MU-MIMO Wi-Fi is a wireless technology used to better support networks where multiple users and their devices are trying to access a wireless network at the same time. It allows a router to break up the available bandwidth into individual streams that share a portion of the bandwidth evenly.
What is MIMO and SU-MIMO Wi-Fi?
MIMO stands for “Multiple-Input, Multiple-Output” and refers to the way in which bandwidth is broken up into smaller chunks and then pushed out to individual devices by a router.
SU-MIMO, which stands for “Single User, Multiple-Input, Multiple-Output”, is the technology many modern routers will use.
Using these routers means that only one device is able to receive data at any given time. If you were to have two members of the household try and stream online video at exactly the same time, the SU-MIMO router would give one of the devices priority over the other.

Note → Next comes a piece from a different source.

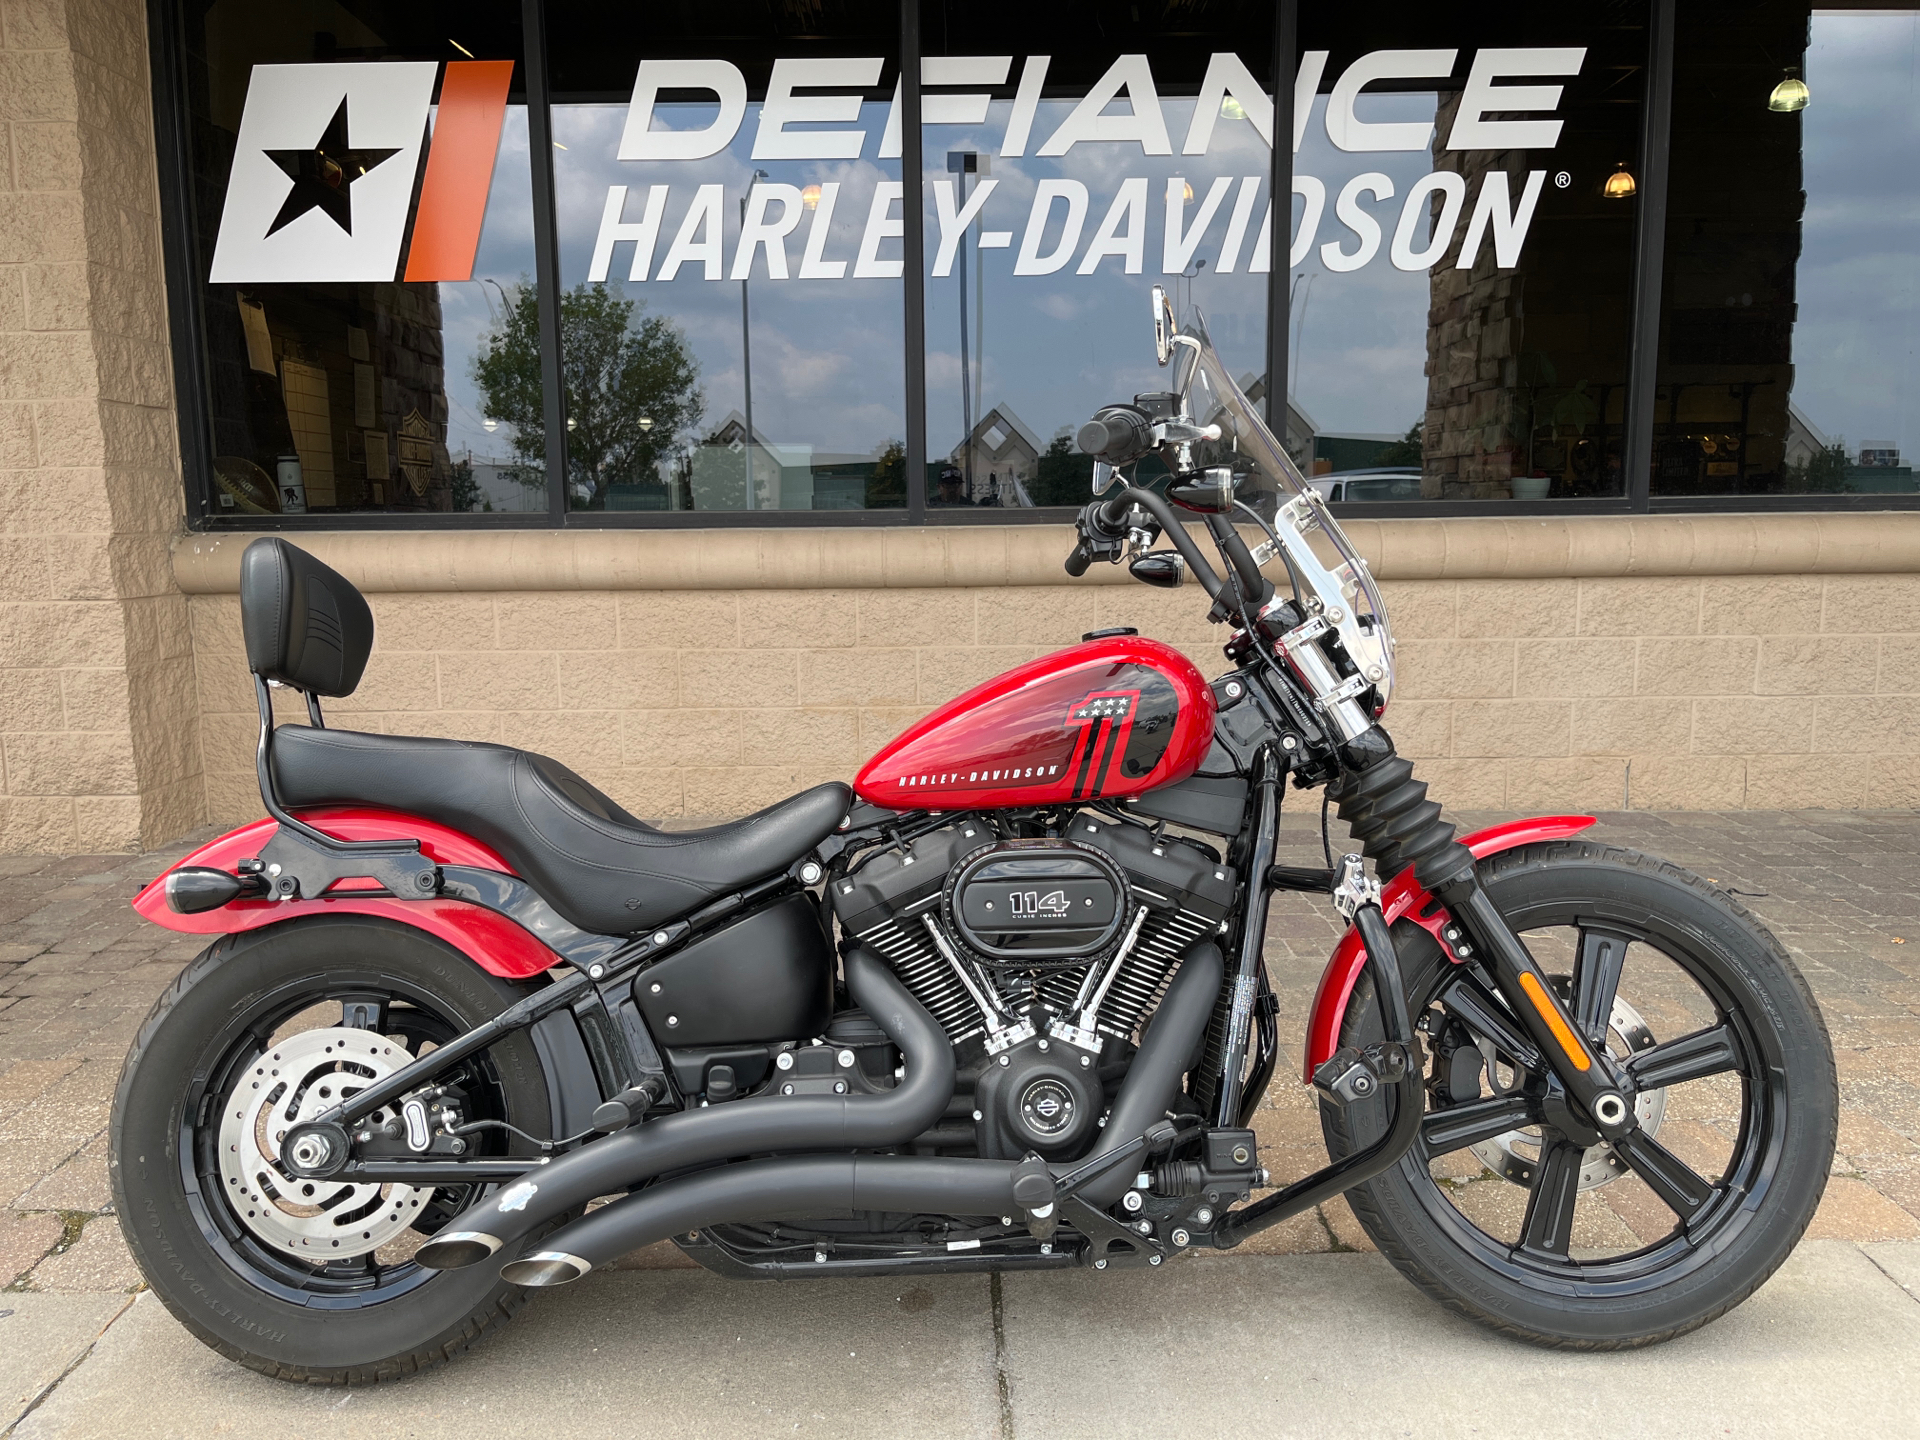 2022 Harley-Davidson Street Bob® 114 in Omaha, Nebraska - Photo 1

The lesser priority device would need to wait until the priority devices had started receiving some data before it could begin.
To better understand how SU-MIMO works, think of a school cafeteria.

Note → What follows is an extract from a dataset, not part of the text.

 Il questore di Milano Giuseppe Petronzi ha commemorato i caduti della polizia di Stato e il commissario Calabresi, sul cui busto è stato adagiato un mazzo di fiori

There is a single lunch lady that is only able to serve one student at the time. The students stand in a queue and wait their turn to be served their lunch. The second in line student will need to wait until the student at the front has been served as they are considered the lunch lady’s priority.
This delay is often not even noticeable though. Despite only being able to transmit data to one device at a time, SU-MIMO routers act very quickly. To you and I, it would appear as if the device receives a constant stream of data.
Even though SU-SIMO routers are quick, it was found that congestion can still occur when multiple devices are queued up waiting for some bandwidth from the router.
This is where MU-MIMO comes in.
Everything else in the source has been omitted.